Koronavirüsün ekonomiye etkisini azaltmak için ‘Ekonomik İstikrar Kalkanı’ çerçevesinde açıklanan 6 ay vergi ertelemesiyle ilgili Yeminli Mali Müşavir İlyas Emre Yayla da en çok merak edilen soruları yanıtladı.
Dünyayı kasıp kavuran koronavirüs salgının Türk ekonomisine etkisini azaltmak adına hükümet destek paketlerinin kapsamını genişleterek vergi ertelemesinden yararlanacak 16 sektörü belirlemişti. Aralarında çiftçi, terzi, manav, avukat gibi 1.9 milyon gelir vergisi mükellefi de ertelemeden yararlanacak. Beyannameler 27 Temmuz’da verilecek, vergi ödemeleri ise ekim, kasım ve aralık aylarının son haftası yapılabilecek. Mazars Denge Ankara Vergi Ortağı Yeminli Mali Müşavir İlyas Emre Yayla en çok sorulan soruları yanıtladı.

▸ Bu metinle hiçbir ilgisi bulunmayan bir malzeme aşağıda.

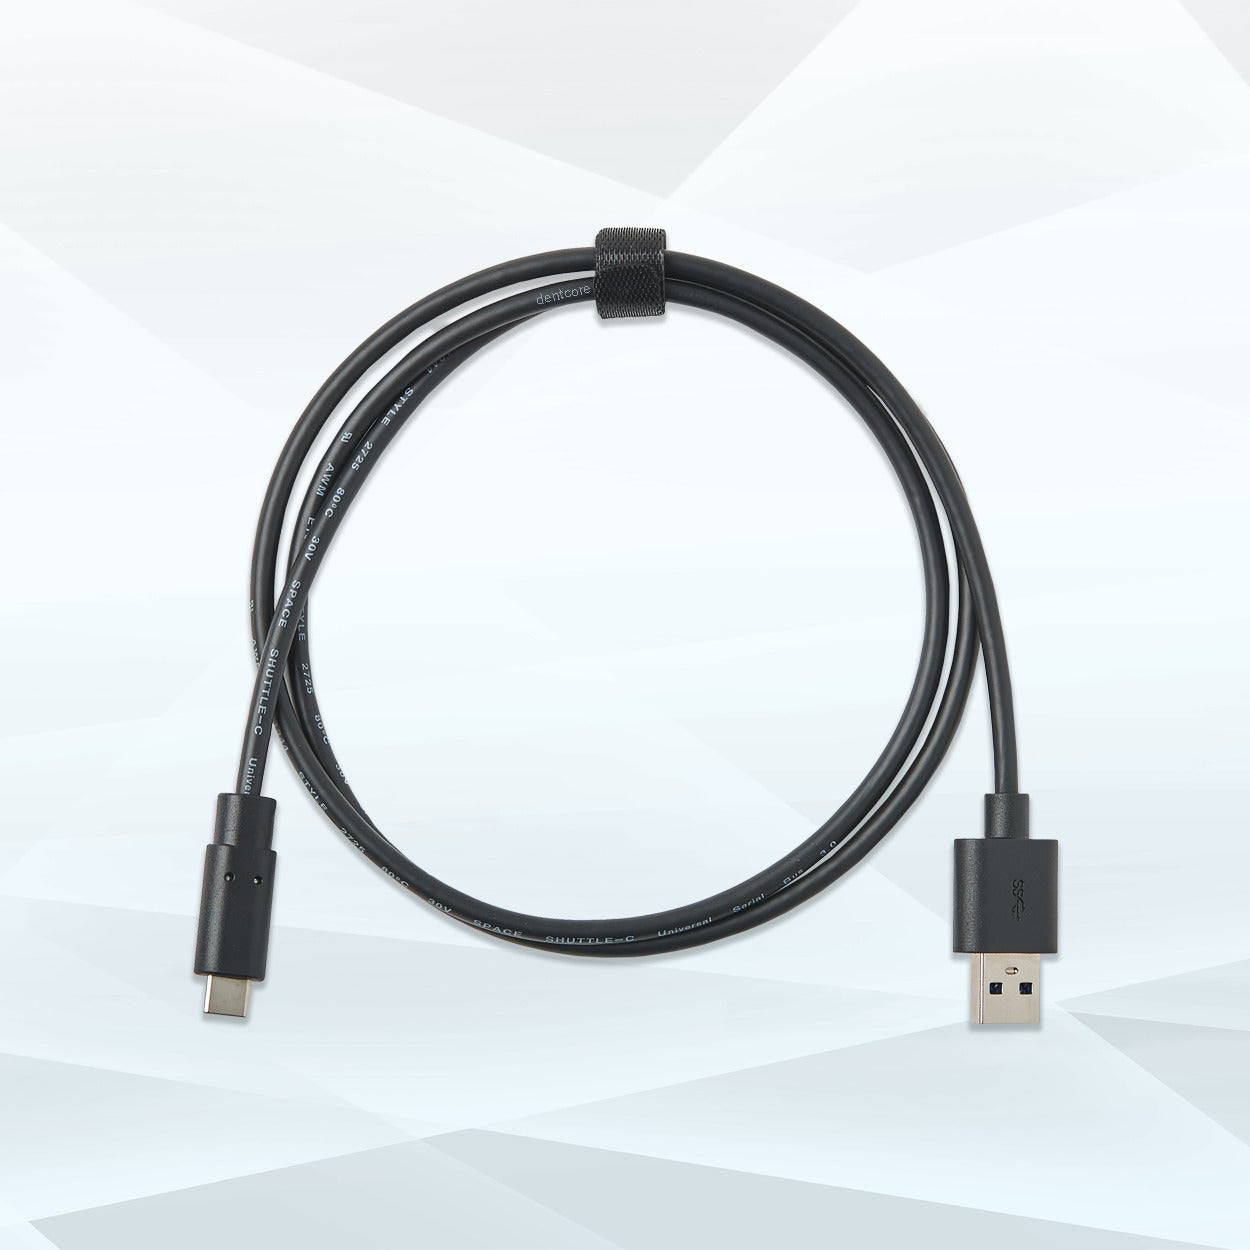 i700 USB 3.0 Cable

Yayla'nın konuyla ilgili cevapları şöyle;
COVİD-19 SONRASI AÇIKLANAN BAZI DESTEKLER?
"Bütün Dünya’yı etkileyen COVİD-19 salgının belki de insanlık için daha yıkıcı etkisi olabilecek ekonomik etkilerinin azaltılmasına yönelik bütün ülkeler önlem paketlerini açıklamaya/uygulamaya koymaya başladılar. Ülkemiz de aynı şekilde; açıklanan Ekonomik İstikrar Kalkanını çerçevesinde destekler açılanmaya başladı.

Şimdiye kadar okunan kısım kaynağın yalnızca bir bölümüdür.